Dataset records

◆ ◆ ◆ ◆

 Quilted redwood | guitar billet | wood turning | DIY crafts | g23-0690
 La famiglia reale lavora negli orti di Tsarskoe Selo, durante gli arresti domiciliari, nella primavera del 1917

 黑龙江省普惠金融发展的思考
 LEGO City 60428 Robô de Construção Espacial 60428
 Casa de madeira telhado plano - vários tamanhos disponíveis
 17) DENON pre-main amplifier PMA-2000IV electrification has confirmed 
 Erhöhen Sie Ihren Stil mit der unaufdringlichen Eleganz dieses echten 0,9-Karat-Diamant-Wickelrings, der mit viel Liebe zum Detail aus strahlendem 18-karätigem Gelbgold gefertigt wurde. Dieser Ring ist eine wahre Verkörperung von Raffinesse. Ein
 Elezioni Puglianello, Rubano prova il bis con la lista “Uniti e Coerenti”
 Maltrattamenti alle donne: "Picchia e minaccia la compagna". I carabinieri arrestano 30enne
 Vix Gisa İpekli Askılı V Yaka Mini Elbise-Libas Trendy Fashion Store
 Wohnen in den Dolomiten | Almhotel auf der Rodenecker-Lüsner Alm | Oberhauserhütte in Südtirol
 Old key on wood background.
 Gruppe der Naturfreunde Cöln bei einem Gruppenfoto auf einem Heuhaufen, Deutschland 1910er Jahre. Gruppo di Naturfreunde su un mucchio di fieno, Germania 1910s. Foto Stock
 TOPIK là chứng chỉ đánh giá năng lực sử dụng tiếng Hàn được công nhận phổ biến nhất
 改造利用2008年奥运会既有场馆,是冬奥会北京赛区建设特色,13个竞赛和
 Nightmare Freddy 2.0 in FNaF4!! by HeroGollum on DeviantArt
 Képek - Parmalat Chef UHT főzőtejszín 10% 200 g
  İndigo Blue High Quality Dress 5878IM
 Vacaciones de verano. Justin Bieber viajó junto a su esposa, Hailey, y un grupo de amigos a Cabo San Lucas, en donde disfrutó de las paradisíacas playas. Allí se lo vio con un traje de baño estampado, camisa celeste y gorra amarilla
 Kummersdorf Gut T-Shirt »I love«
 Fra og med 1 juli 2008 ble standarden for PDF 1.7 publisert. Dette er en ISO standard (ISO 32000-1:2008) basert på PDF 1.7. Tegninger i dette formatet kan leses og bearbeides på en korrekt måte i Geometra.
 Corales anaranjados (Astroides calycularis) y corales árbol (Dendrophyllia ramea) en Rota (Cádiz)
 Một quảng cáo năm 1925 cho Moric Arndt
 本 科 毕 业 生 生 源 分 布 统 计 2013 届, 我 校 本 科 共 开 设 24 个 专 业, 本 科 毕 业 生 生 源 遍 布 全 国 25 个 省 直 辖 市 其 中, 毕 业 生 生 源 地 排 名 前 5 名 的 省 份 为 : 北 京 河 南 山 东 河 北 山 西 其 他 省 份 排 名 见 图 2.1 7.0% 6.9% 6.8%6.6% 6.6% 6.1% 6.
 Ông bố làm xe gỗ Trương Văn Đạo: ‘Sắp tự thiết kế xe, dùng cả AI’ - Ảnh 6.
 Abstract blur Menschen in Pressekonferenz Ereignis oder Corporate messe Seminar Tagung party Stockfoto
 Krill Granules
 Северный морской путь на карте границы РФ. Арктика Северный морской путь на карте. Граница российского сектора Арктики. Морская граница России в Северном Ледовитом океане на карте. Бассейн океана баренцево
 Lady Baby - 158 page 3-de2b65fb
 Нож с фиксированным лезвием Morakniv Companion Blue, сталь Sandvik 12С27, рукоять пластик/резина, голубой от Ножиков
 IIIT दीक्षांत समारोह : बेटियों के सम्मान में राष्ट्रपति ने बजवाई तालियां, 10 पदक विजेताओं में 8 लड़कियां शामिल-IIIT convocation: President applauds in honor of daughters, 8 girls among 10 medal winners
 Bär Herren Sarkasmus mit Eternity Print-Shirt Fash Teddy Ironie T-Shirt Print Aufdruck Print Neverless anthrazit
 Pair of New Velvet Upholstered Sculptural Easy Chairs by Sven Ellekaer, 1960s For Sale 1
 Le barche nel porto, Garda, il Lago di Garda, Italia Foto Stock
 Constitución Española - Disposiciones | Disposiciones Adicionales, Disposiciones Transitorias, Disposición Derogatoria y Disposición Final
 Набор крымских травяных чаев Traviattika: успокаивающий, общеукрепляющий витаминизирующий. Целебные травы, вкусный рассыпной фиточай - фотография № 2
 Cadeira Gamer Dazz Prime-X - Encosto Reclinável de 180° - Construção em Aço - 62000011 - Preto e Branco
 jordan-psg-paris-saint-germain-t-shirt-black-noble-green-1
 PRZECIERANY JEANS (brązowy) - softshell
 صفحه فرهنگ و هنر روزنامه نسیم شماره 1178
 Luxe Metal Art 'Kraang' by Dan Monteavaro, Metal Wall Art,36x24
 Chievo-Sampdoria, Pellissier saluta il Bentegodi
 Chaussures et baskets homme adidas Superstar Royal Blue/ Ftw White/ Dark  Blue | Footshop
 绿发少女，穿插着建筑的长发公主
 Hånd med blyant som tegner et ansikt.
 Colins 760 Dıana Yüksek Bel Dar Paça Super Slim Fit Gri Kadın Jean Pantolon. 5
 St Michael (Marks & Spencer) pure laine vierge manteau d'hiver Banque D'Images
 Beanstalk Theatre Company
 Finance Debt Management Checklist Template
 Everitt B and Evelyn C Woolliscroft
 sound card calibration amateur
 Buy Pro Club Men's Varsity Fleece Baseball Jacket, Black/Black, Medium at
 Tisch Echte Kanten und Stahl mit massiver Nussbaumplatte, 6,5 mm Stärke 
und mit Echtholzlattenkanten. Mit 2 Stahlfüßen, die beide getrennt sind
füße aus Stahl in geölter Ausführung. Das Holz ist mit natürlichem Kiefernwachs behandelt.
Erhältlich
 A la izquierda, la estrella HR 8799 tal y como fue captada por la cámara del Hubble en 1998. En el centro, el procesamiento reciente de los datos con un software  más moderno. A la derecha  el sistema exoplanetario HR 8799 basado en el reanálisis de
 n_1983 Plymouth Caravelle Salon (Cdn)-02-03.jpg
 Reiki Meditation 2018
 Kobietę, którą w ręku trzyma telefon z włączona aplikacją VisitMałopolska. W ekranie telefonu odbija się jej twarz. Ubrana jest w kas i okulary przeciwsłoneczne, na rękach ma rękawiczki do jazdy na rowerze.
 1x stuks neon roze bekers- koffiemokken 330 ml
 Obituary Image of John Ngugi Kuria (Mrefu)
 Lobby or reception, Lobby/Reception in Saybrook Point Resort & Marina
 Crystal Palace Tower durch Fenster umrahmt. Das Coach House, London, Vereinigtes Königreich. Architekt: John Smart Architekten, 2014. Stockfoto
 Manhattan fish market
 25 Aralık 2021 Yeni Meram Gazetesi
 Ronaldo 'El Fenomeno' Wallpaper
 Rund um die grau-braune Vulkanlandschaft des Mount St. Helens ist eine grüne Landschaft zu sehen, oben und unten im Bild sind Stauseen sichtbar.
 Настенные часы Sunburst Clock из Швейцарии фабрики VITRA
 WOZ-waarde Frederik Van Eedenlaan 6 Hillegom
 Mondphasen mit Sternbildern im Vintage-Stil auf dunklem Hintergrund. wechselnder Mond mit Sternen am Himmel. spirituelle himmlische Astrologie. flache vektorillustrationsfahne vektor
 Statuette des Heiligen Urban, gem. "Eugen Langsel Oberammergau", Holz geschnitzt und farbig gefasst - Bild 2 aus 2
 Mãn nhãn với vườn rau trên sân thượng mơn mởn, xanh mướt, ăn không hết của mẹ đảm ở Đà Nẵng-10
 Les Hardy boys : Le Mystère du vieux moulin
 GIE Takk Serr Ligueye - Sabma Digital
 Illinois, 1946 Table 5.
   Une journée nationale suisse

◆ ◆ ◆ ◆

What this task involves: From the data, pick out every line that includes "Stil".

Response:
 Erhöhen Sie Ihren Stil mit der unaufdringlichen Eleganz dieses echten 0,9-Karat-Diamant-Wickelrings, der mit viel Liebe zum Detail aus strahlendem 18-karätigem Gelbgold gefertigt wurde. Dieser Ring ist eine wahre Verkörperung von Raffinesse. Ein
 Mondphasen mit Sternbildern im Vintage-Stil auf dunklem Hintergrund. wechselnder Mond mit Sternen am Himmel. spirituelle himmlische Astrologie. flache vektorillustrationsfahne vektor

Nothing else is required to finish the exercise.